Pretreated P5 brains were incubated with the blocking and permeabilization PBSG-T solution (0.1 M PBS, 0.2% gelatin, 0.5% Triton-X100, 0.1 g/L thimerosal) for 2 days at 37 °C under agitation. Brains were then incubated with a previously characterized rabbit anti-TH antibody (Millipore, Guyancourt, France, #AB152, dilution 1:300) diluted in PBSG-T containing 0.1% saponin for 7 days at 37 °C with gentle shaking. This primary anti-TH antibody has been previously validated for iDISCO treatment (see the website https://idisco.info/validated-antibodies/which provides the list of antibodies compatible with iDISCO protocols). Brains were then washed in 0.1 M PBS for 1 day and incubated with a secondary antibody (donkey anti-rabbit Cy3, Jackson ImmunoResearch, Newmarket, UK, #705-165-147, 1:500) and TO-PRO 3 iodide to label neuronal cells (Invitrogen, Villebon, France, 1:80) in PBSG-T containing 0.1% saponin for 2 days at 37 °C in a dark room with gentle shaking.

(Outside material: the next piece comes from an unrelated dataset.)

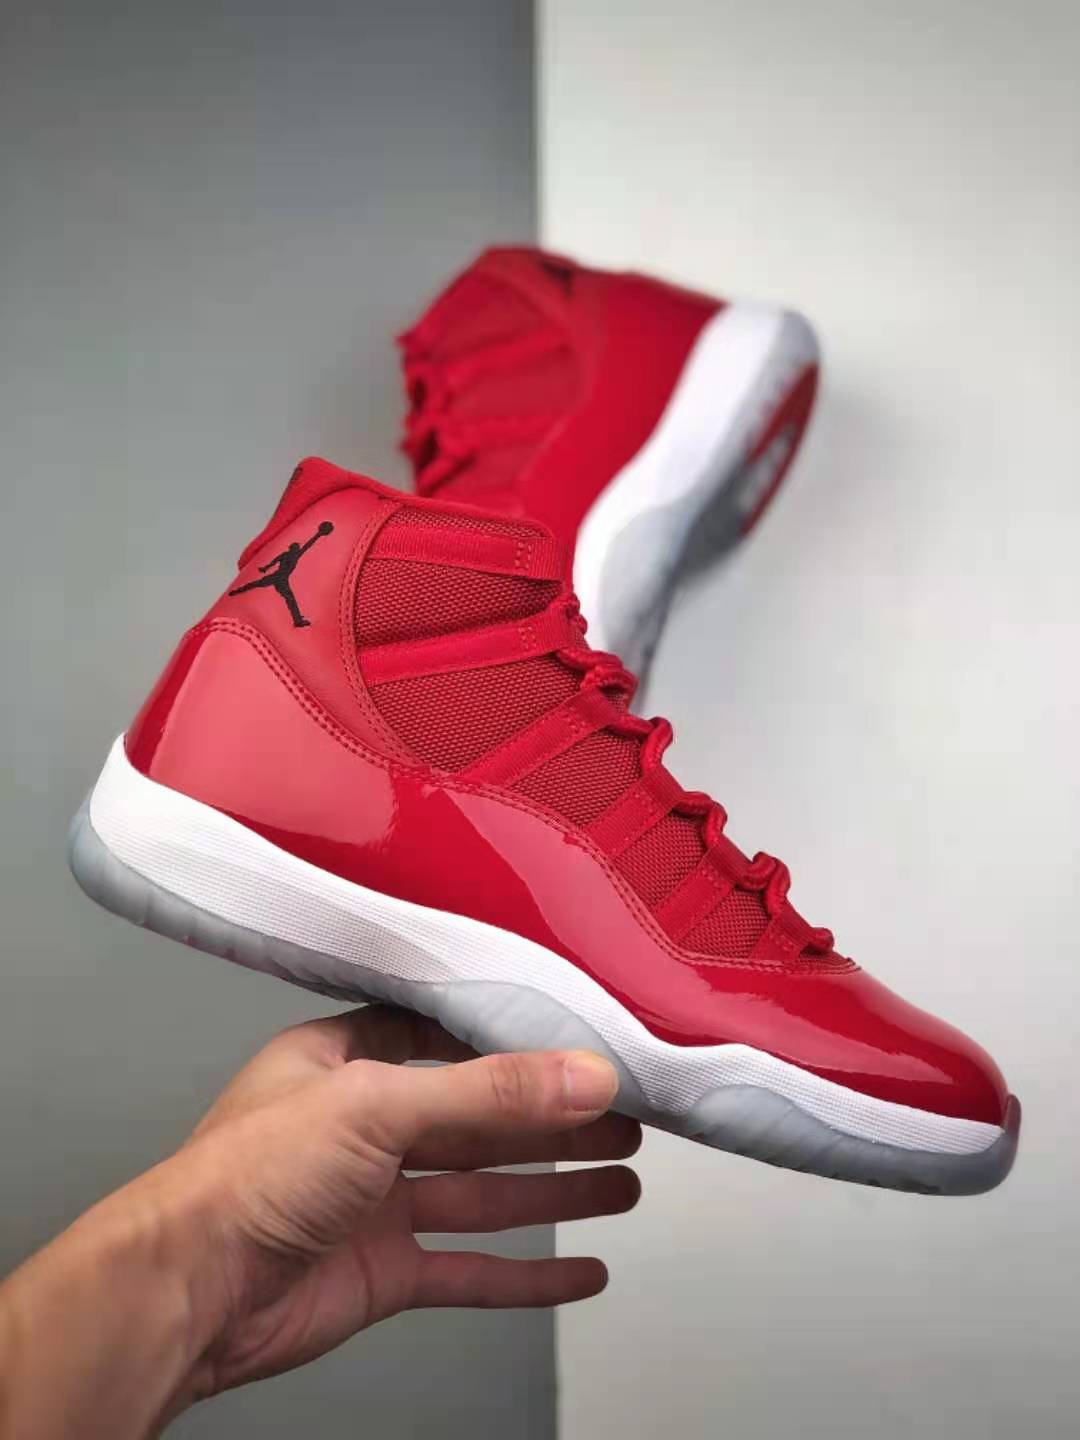 Air Jordan 11 Retro 'Win Like '96' 378037-623 - Unmatched Style and Performance

Concerning postnatal P14 and the adult adrenal glands, samples were dehydrated (MeOH 20%, 40%, 60% 80% 100% twice, 1 h each at room temperature), bleached (MeOH 100%/3% H2O2, overnight at 4 °C) and rehydrated (MeOH 80%, 60%, 40%, 20%, 0.1 M PBS 1 h each at room temperature). Tissues were incubated for permeabilization in 0.1 M PBS/0.2% Triton/20% DMSO/23 µg l−1 glycine for 2 days at 37 °C with gentle shaking and for blocking in 0.1 M PBS/0.2% Triton/6% donkey serum/10% DMSO for 2 extra days at 37 °C. Tissues were then incubated with the same primary and secondary antibodies as described above for P5 brains (rabbit TH, Millipore, Guyancourt, France, #AB152, dilution 1:300) in 0.1 M PBS/0.2% Tween 20/0.1 µg ml−1 heparin/5% DMSO/3% donkey serum for 7 days with shaking at 37 °C and with a secondary antibody donkey anti-rabbit Cy3, Jackson ImmunoResearch, Newmarket, UK (#705-165-147, 1:500) in 0.1 M PBS/0.2% donkey serum/3% DMSO for 7 days. Finally, samples were washed in PBS for 36 h before the clearing procedure.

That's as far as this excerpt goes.